__TASK INSTRUCTIONS__
Quote exactly, and only, the lines of the material below from the line with "Sahil Güvenlik Onarım" through the line with "schwarz Stempelkissen 50x90 mm".

__RECORDS SHOWN__
════

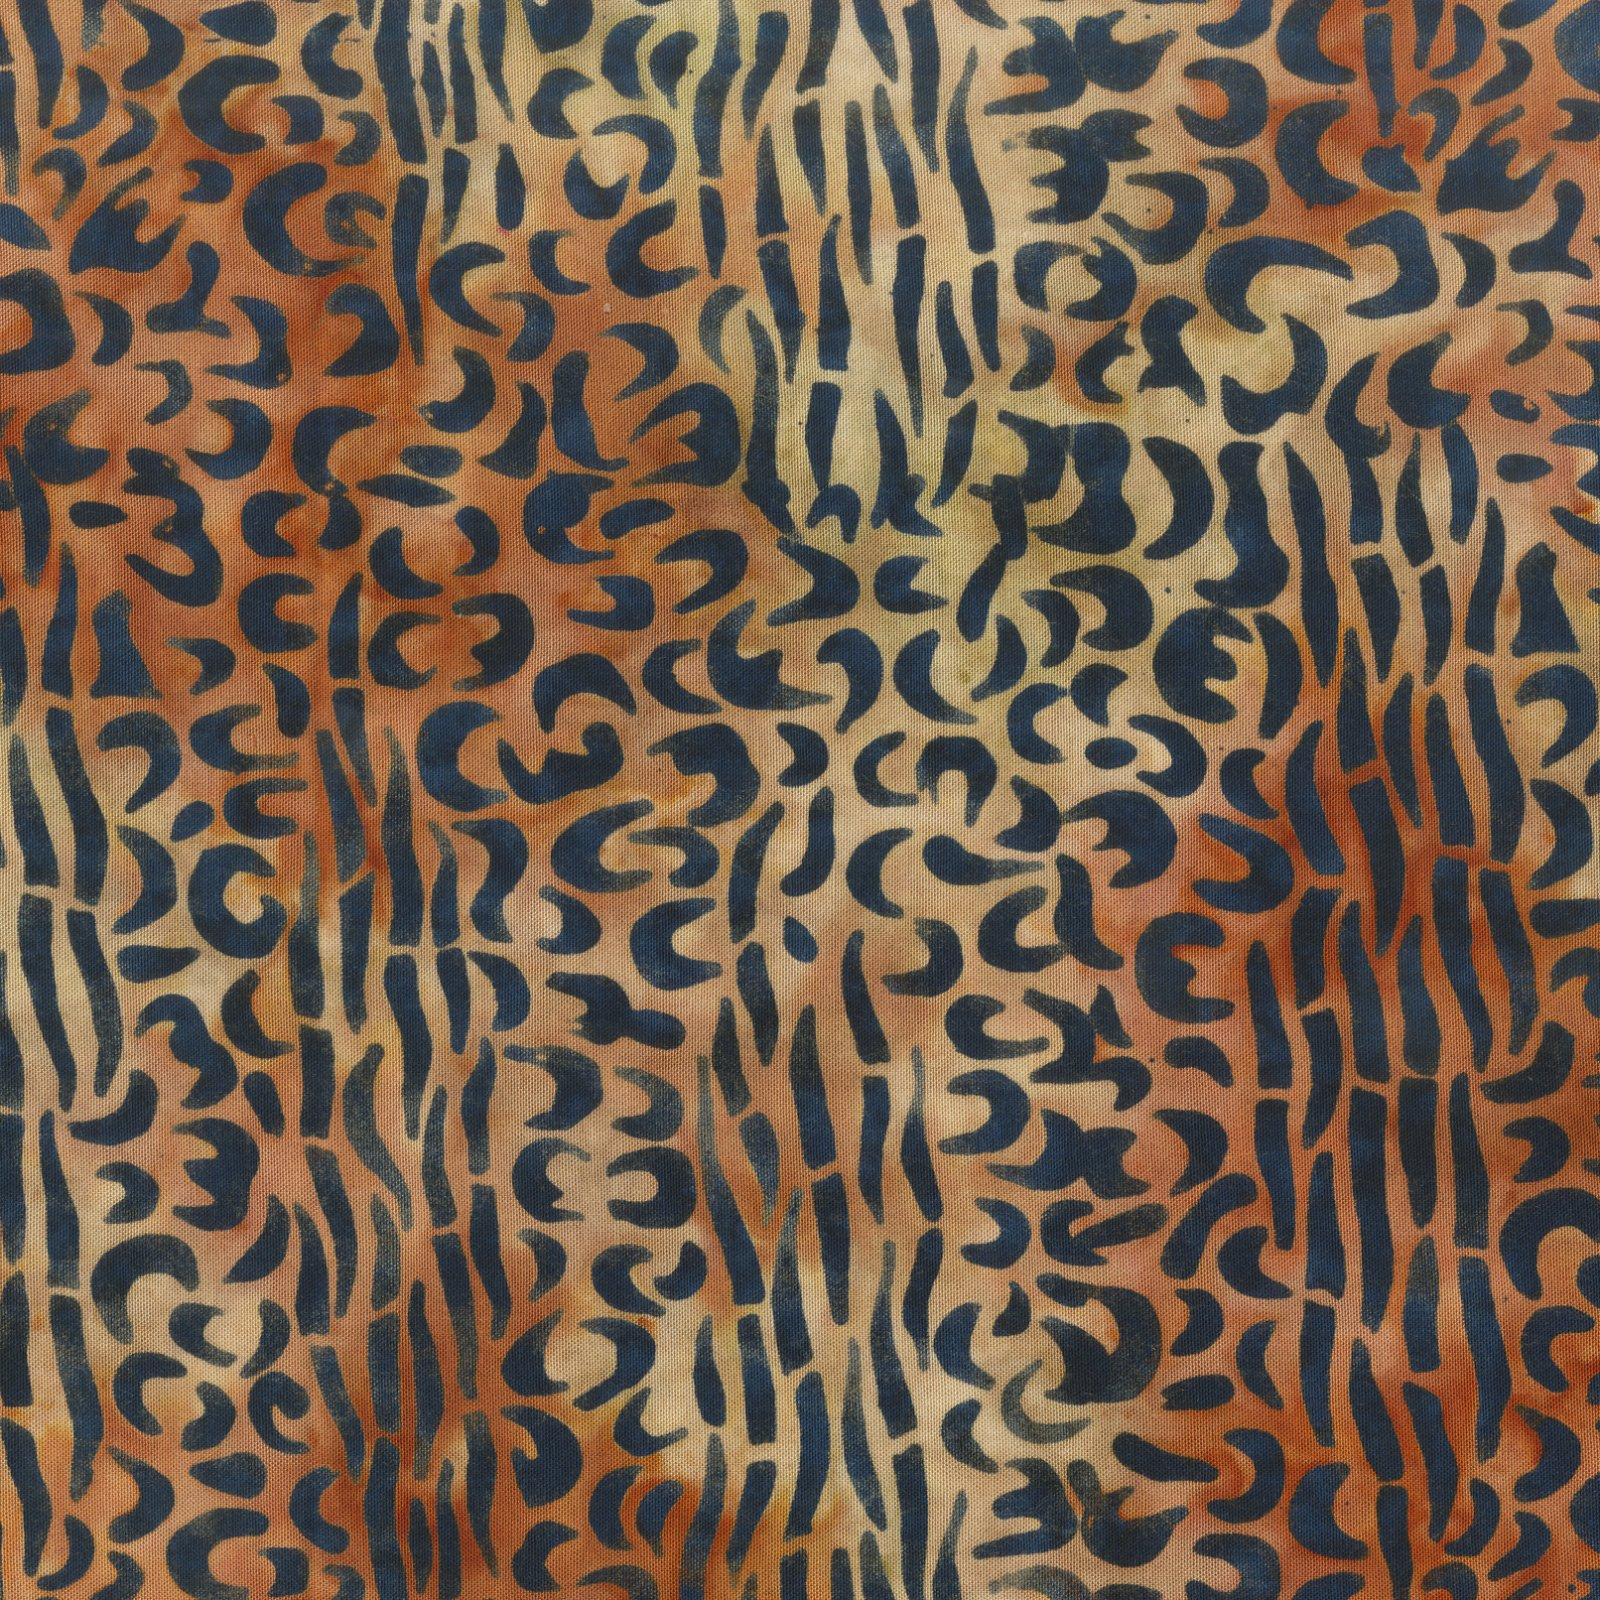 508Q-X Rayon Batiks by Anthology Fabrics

════

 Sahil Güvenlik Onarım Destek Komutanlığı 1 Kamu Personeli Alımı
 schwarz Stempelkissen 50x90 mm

════

__TASK OUTPUT__
 Sahil Güvenlik Onarım Destek Komutanlığı 1 Kamu Personeli Alımı
 schwarz Stempelkissen 50x90 mm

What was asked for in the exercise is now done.